Exercise prompt: Scan the material below for the word "avec", then copy every line in which it appears.
● ● ● ● ●
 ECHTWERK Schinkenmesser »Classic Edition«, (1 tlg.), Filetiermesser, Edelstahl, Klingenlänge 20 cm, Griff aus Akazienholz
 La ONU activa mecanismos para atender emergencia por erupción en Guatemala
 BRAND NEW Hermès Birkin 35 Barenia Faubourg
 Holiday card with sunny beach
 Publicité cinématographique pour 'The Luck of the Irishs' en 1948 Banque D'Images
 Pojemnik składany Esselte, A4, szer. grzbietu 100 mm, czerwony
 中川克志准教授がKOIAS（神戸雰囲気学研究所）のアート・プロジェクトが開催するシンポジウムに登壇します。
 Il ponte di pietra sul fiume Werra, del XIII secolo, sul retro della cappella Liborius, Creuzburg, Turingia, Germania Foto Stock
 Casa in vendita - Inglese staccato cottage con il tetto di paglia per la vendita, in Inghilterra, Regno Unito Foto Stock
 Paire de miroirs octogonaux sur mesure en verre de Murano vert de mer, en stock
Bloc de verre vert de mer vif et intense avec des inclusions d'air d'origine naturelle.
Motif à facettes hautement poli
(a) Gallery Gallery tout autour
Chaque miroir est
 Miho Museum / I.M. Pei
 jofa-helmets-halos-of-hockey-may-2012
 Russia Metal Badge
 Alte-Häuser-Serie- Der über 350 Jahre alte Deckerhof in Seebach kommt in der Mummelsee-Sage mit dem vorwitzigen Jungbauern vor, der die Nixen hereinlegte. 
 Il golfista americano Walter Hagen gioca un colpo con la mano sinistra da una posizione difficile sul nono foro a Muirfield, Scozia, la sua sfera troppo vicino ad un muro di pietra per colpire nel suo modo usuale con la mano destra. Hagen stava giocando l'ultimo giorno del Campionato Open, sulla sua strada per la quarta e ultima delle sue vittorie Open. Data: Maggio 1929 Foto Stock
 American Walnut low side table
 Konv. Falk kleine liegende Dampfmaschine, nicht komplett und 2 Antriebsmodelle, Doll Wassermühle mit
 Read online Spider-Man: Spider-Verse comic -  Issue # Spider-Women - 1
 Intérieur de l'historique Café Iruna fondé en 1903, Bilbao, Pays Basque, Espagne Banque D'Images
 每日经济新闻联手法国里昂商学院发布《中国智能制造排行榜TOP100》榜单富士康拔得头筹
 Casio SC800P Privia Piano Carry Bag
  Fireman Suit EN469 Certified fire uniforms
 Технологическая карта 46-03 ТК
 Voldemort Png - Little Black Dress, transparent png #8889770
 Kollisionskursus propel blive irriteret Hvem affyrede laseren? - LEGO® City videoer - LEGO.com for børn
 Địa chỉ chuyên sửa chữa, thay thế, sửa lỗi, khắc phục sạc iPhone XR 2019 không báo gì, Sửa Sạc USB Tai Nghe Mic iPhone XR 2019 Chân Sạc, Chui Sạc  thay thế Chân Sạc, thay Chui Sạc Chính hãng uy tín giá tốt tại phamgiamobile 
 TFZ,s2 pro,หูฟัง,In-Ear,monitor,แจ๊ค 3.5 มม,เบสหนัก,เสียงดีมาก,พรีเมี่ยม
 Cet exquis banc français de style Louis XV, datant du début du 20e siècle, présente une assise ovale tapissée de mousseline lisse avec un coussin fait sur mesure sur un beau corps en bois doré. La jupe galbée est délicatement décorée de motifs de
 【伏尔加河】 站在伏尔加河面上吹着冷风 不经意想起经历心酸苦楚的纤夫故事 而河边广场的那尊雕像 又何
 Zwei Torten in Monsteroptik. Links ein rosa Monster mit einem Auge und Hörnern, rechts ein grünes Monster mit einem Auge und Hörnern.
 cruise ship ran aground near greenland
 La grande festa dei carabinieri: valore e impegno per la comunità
● ● ● ● ●
Completed task:
Bloc de verre vert de mer vif et intense avec des inclusions d'air d'origine naturelle.
 Cet exquis banc français de style Louis XV, datant du début du 20e siècle, présente une assise ovale tapissée de mousseline lisse avec un coussin fait sur mesure sur un beau corps en bois doré. La jupe galbée est délicatement décorée de motifs de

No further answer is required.